Mansoor Ali v. The Government of Tamil Nadu, rep. by its Secretary to Government & Another
2004-08-10
P.SATHASIVAM, S.SARDAR ZACKRIA HUSSAIN
body2004
DigiLaw.ai
Judgment :- P.Sathasivam, J. The detenu himself challenges the detention order dated 16.10.2003, detaining him as goonda under the Tamil Nadu Act 14 of 1982. The ground case relates to an occurrence that had taken place on 20.09.2003 for the offences under sections 341 and 302 IPC. The detenu has one adverse case to his credit for the offences under sections 506(ii) and 302 read with 34 IPC. 2. Learned counsel appearing for the petitioner after taking us through the grounds of detention, would contend that inasmuch as the detaining authority has referred in para 6 of the grounds of detention that he considered the ground case and "past cases" and taken the decision to detain the detenu under Preventive Act, whereas the detenu had only one adverse case. The detaining authority has not applied its mind before passing the order of detention. He also submitted that since the only one adverse case related to an occurrence on 31.03.2002 and the ground case, according to the prosecution, had taken place on 20.09.2003, there is no proximity with reference to the adverse case. Accordingly, the respondents are not justified in passing the order of detention. 3. We dispose of both the contentions in the following manner.
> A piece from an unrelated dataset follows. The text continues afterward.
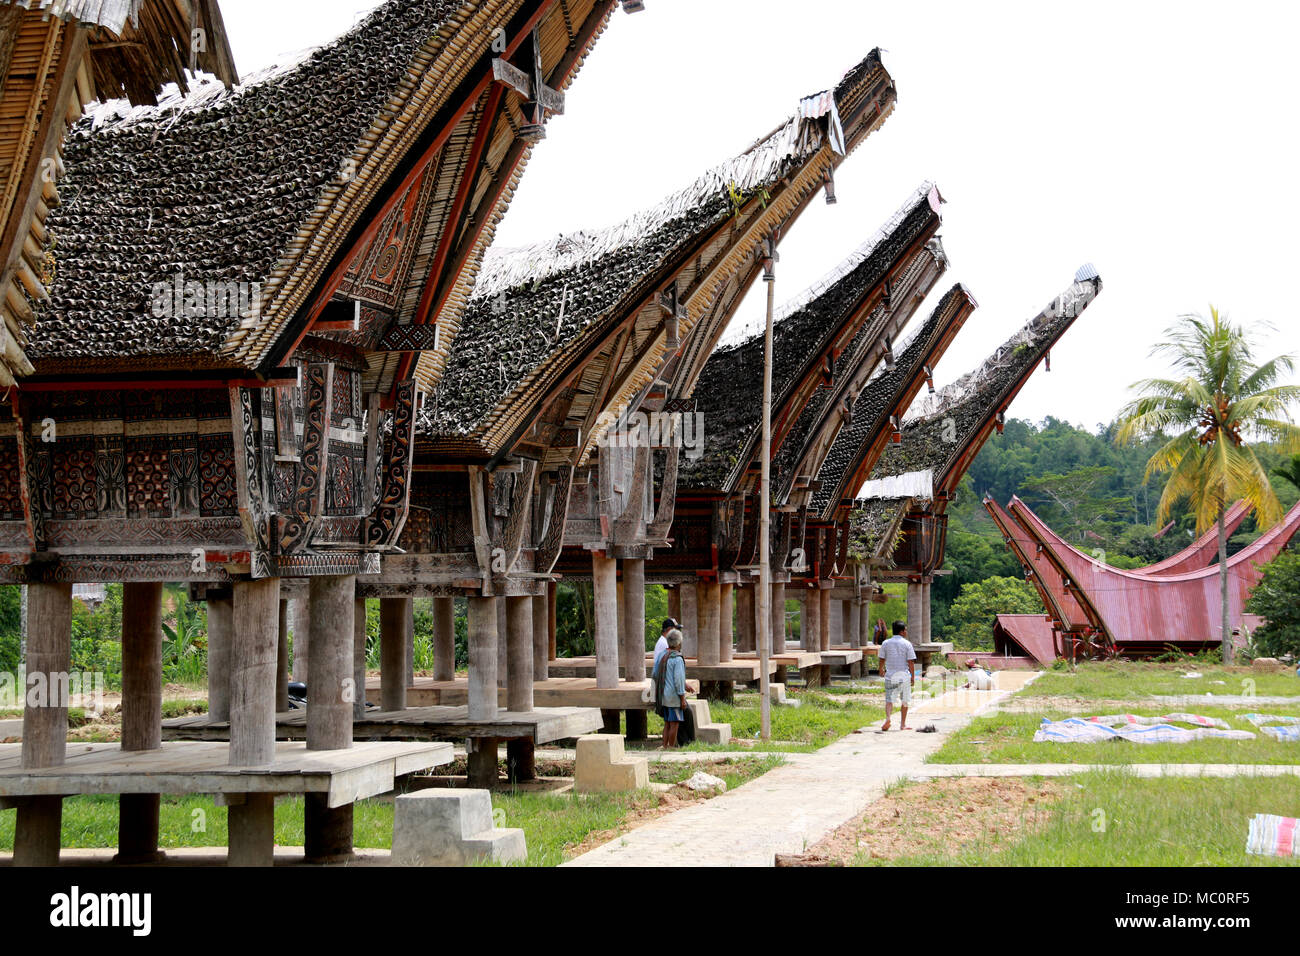 Tongkonans, traditional Toraja houses with massive peaked-roofs, in a Village near Ke’te’ Ke’su, Toraja, Sulawesi, Indonesia Stock Photo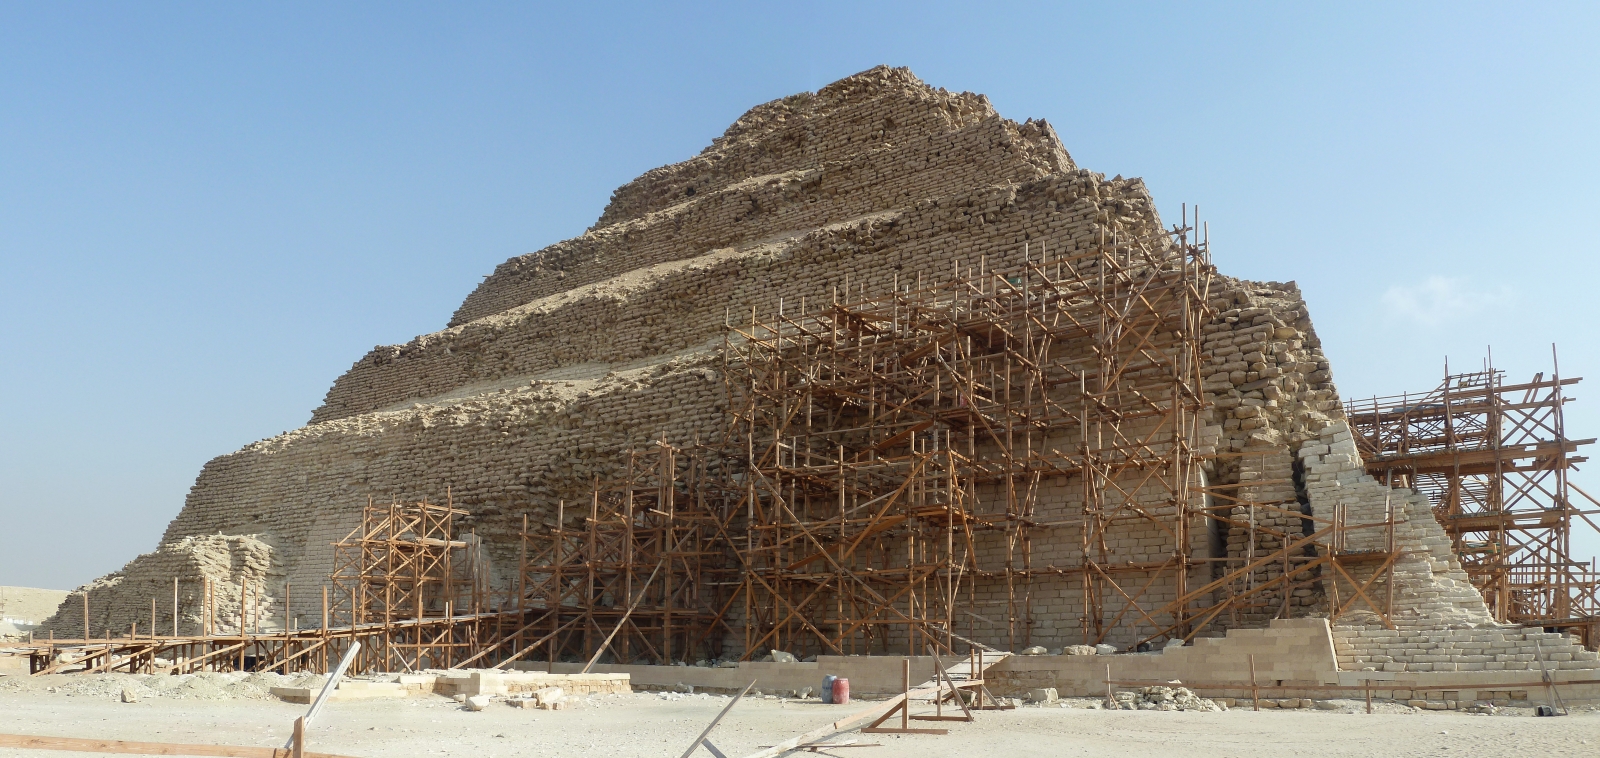 The Pyramid of Djoser

It is true that the grounds of detention refers only one adverse case, that was on 31.03.2002, which had taken place in Bhuvanagiri Fish Market within the jurisdiction of Bhuvanagiri Police Station. The detenu was charged for the offences under sections 506(ii) and 302 read with 34 IPC. 4. Though in para 6 of the detention order, the detaining authority had stated that he perused and considered "past cases", it refers only one adverse case, that took place on 31.03.2002 and the ground case on 20.09.2003. Inasmuch as the detaining authority has referred to all the details and even relating to the adverse case that had taken place on 31.03.2002, in the earlier paragraph, we are of the view that merely because there is a reference "past cases", it cannot be presumed that the detaining authority has not applied its mind properly. 5. Coming to the next contention, namely, proximity, it is true that the adverse case related to the occurrence on 31.03.2002 and the ground case, on which the detention order was passed, taken place on 20.09.2003.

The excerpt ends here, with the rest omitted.